Your assignment:
Please return every line from the entries that has the string "Logo" in it.

BEGIN Data

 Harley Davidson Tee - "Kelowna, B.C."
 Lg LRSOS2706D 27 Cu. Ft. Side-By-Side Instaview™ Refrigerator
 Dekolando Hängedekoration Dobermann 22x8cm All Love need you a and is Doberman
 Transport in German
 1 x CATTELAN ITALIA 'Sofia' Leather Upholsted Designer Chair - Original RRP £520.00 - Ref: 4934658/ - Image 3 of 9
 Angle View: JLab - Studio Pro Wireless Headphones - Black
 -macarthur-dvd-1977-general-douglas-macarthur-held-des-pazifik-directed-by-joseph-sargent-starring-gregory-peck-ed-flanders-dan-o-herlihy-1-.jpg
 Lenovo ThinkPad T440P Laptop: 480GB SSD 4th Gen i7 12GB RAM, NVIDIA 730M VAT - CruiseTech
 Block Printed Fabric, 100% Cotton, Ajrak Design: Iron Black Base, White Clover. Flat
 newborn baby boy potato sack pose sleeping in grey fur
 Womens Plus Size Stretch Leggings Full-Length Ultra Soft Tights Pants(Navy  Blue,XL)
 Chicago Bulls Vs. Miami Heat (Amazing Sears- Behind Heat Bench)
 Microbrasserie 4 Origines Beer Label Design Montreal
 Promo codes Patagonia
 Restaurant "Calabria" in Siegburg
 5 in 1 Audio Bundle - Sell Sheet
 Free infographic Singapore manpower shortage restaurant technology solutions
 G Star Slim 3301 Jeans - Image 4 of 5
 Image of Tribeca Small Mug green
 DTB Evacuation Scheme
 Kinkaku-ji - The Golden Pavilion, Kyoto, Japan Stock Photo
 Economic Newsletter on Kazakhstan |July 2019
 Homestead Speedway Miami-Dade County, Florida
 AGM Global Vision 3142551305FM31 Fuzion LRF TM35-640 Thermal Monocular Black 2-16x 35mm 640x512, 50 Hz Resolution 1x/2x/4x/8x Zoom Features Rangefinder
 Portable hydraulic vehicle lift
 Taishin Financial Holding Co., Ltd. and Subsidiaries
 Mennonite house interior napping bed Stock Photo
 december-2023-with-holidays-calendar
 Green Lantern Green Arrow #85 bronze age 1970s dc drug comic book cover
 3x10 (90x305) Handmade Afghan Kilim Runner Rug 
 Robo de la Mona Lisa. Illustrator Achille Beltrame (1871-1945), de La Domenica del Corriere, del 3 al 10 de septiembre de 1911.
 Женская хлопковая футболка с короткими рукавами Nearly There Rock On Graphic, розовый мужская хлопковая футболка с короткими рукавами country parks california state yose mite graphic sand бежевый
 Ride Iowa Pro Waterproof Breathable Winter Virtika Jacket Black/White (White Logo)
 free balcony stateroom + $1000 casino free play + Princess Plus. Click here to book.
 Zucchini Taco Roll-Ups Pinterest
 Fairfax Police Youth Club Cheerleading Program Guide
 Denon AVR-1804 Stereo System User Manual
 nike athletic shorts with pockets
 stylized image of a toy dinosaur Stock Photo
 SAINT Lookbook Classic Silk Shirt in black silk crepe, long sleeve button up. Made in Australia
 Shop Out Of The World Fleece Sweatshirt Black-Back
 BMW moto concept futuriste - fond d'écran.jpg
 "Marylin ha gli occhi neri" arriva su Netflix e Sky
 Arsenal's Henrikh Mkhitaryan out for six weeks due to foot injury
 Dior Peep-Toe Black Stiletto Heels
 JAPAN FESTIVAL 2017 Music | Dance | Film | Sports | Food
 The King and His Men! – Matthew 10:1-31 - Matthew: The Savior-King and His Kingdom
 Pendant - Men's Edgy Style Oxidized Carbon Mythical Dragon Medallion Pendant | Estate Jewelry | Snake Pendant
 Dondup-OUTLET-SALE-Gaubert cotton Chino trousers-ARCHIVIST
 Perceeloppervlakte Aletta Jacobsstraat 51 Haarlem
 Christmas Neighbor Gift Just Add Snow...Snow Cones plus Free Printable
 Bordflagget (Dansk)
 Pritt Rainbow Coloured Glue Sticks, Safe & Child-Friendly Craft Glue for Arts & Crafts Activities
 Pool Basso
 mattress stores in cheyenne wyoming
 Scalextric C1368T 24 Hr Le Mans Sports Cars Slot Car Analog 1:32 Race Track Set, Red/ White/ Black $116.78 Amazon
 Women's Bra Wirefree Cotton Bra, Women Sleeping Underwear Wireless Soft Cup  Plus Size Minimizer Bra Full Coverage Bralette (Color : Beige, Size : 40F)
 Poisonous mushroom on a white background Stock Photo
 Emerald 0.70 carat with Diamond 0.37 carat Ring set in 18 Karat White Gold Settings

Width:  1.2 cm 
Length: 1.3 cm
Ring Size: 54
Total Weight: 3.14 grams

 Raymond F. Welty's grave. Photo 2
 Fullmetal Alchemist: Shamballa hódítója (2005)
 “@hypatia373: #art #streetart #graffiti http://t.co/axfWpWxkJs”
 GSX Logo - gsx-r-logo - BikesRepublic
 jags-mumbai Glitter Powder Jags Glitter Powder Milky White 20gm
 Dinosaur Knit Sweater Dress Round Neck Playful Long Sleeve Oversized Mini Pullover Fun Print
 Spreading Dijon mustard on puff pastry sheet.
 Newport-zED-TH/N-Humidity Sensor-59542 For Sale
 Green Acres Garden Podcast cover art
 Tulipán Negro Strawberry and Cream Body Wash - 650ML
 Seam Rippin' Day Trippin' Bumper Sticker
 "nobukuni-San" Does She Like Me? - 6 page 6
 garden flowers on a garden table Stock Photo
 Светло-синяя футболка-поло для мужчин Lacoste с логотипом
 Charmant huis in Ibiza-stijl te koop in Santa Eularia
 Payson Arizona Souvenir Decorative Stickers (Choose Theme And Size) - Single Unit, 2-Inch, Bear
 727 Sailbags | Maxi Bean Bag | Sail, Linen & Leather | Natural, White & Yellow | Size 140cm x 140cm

END Data

Expected output:
 Ride Iowa Pro Waterproof Breathable Winter Virtika Jacket Black/White (White Logo)
 GSX Logo - gsx-r-logo - BikesRepublic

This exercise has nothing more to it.